### Aim of the task
Please transcribe the data below in full. Omit any picture you find in it.

### Data excerpt
+ + + + + + +

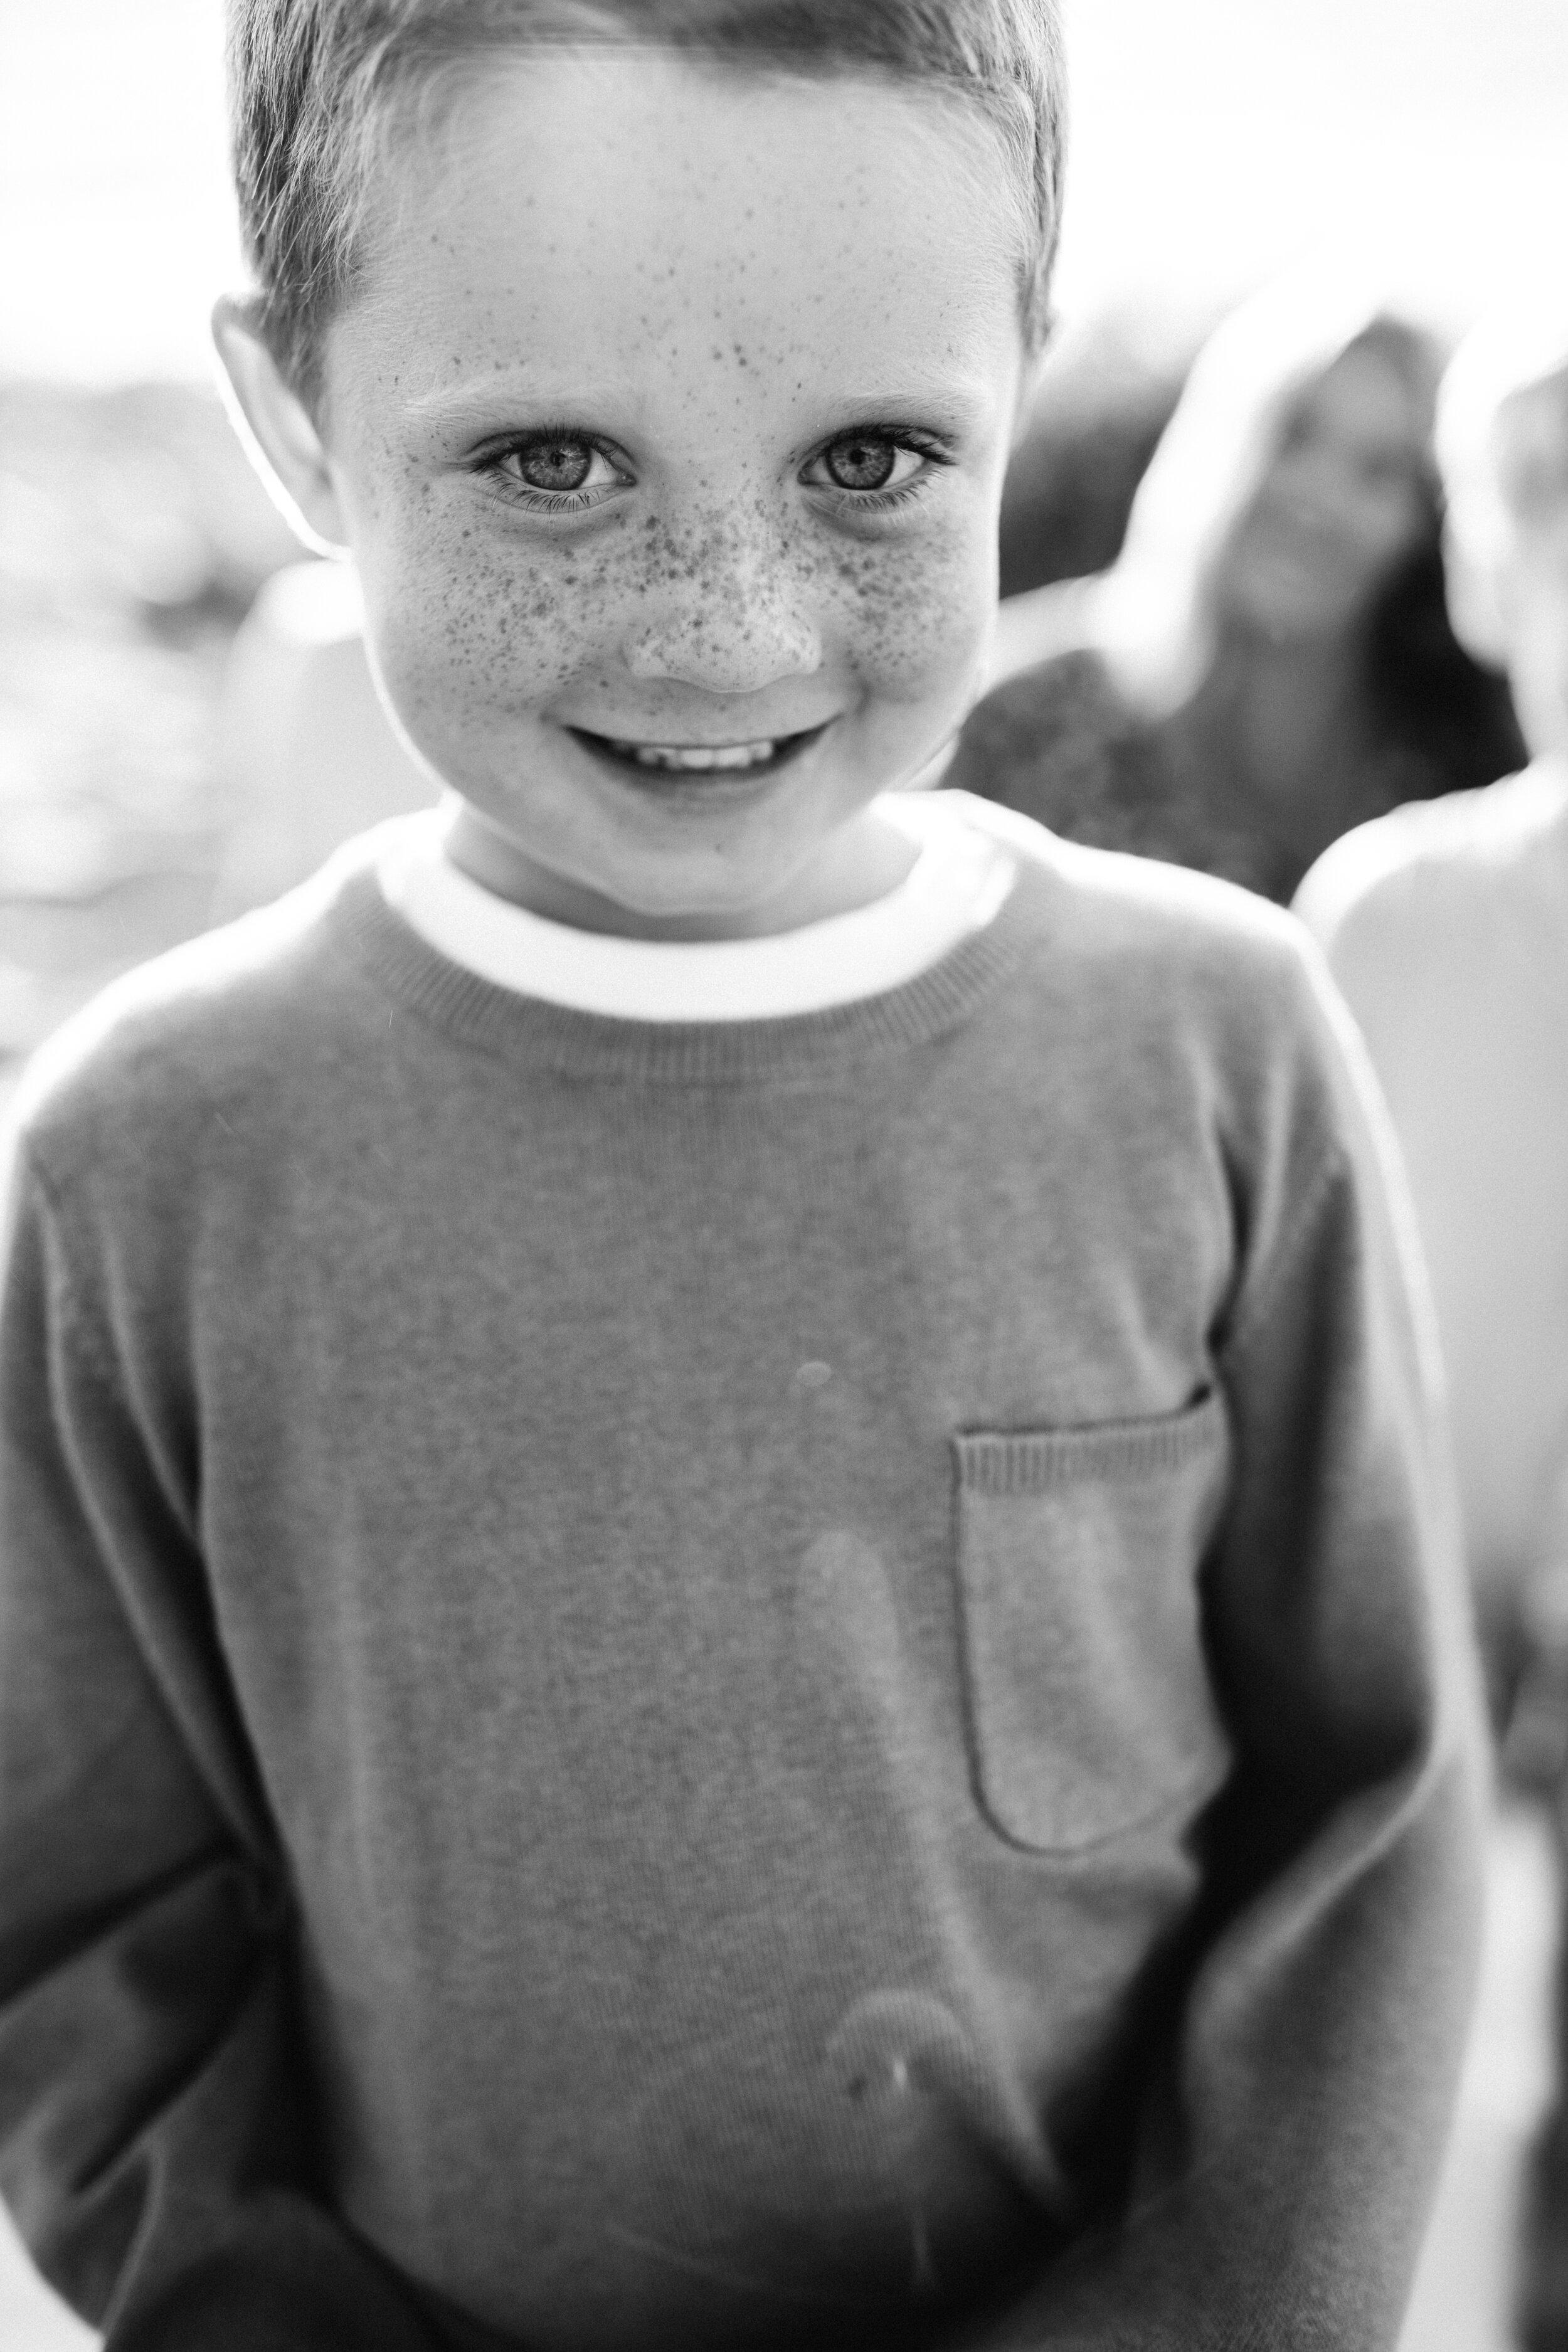 son smiling at camera - Lindsay Petty Photography
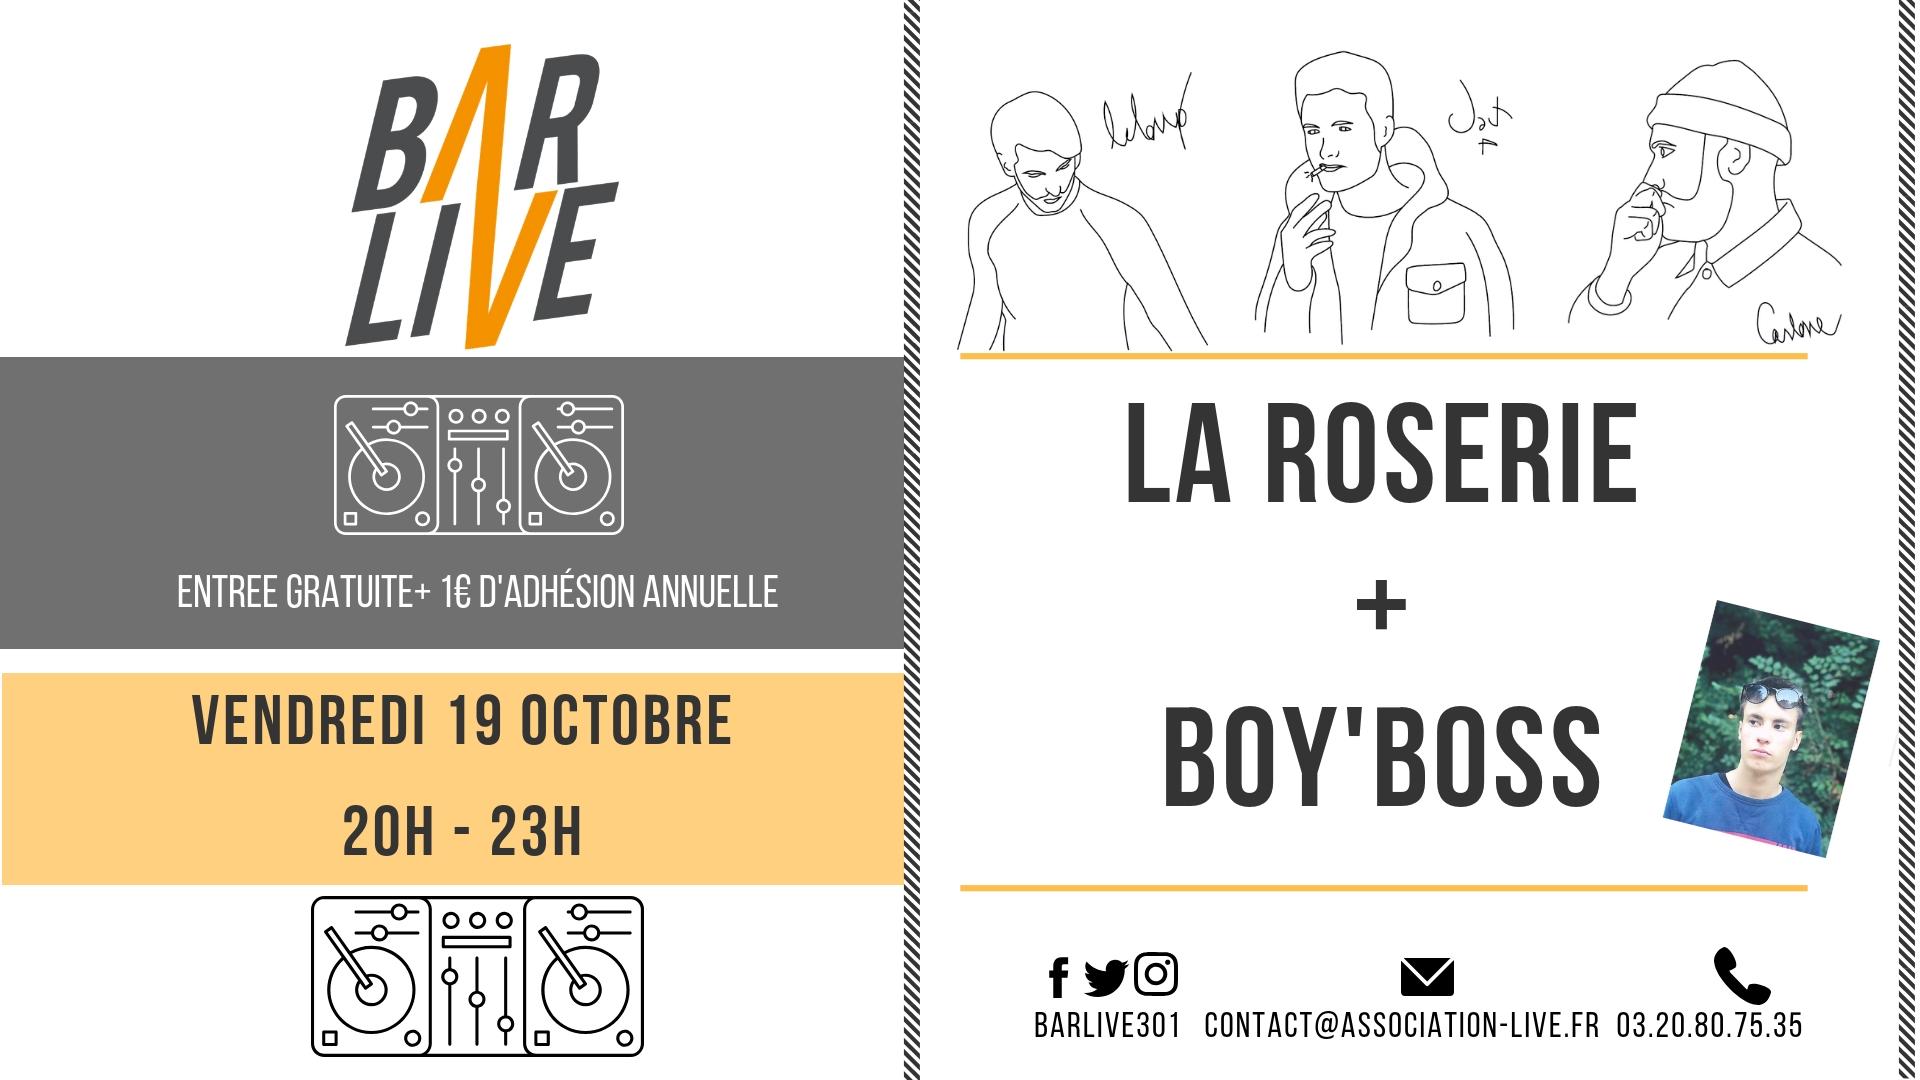 La Roserie + Boy'boss au Bar Live
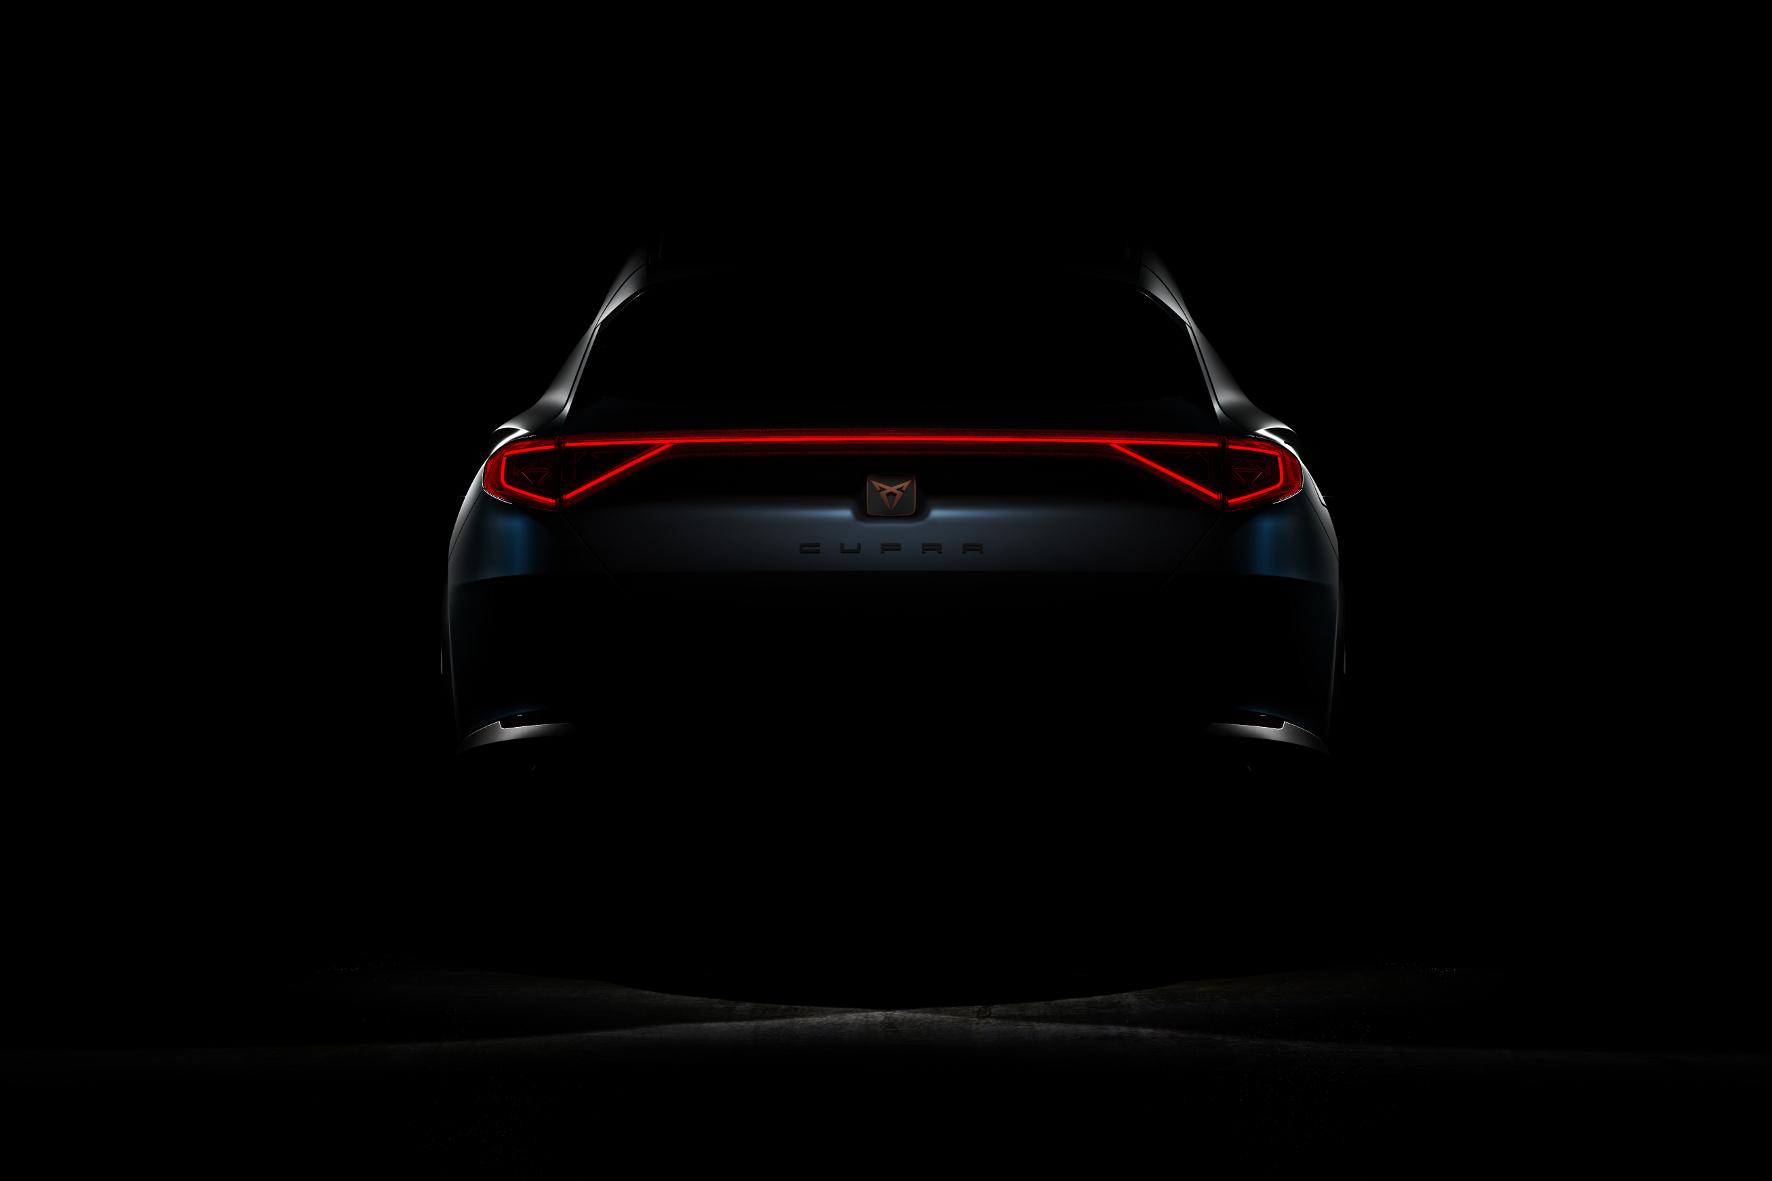 mid Groß-Gerau - Langsam lichtet sich das Geheimnis um das Concept-Car der jungen Marke Cupra. Seat

+ + + + + + +

### Finished task
 son smiling at camera - Lindsay Petty Photography
 La Roserie + Boy'boss au Bar Live
 mid Groß-Gerau - Langsam lichtet sich das Geheimnis um das Concept-Car der jungen Marke Cupra. Seat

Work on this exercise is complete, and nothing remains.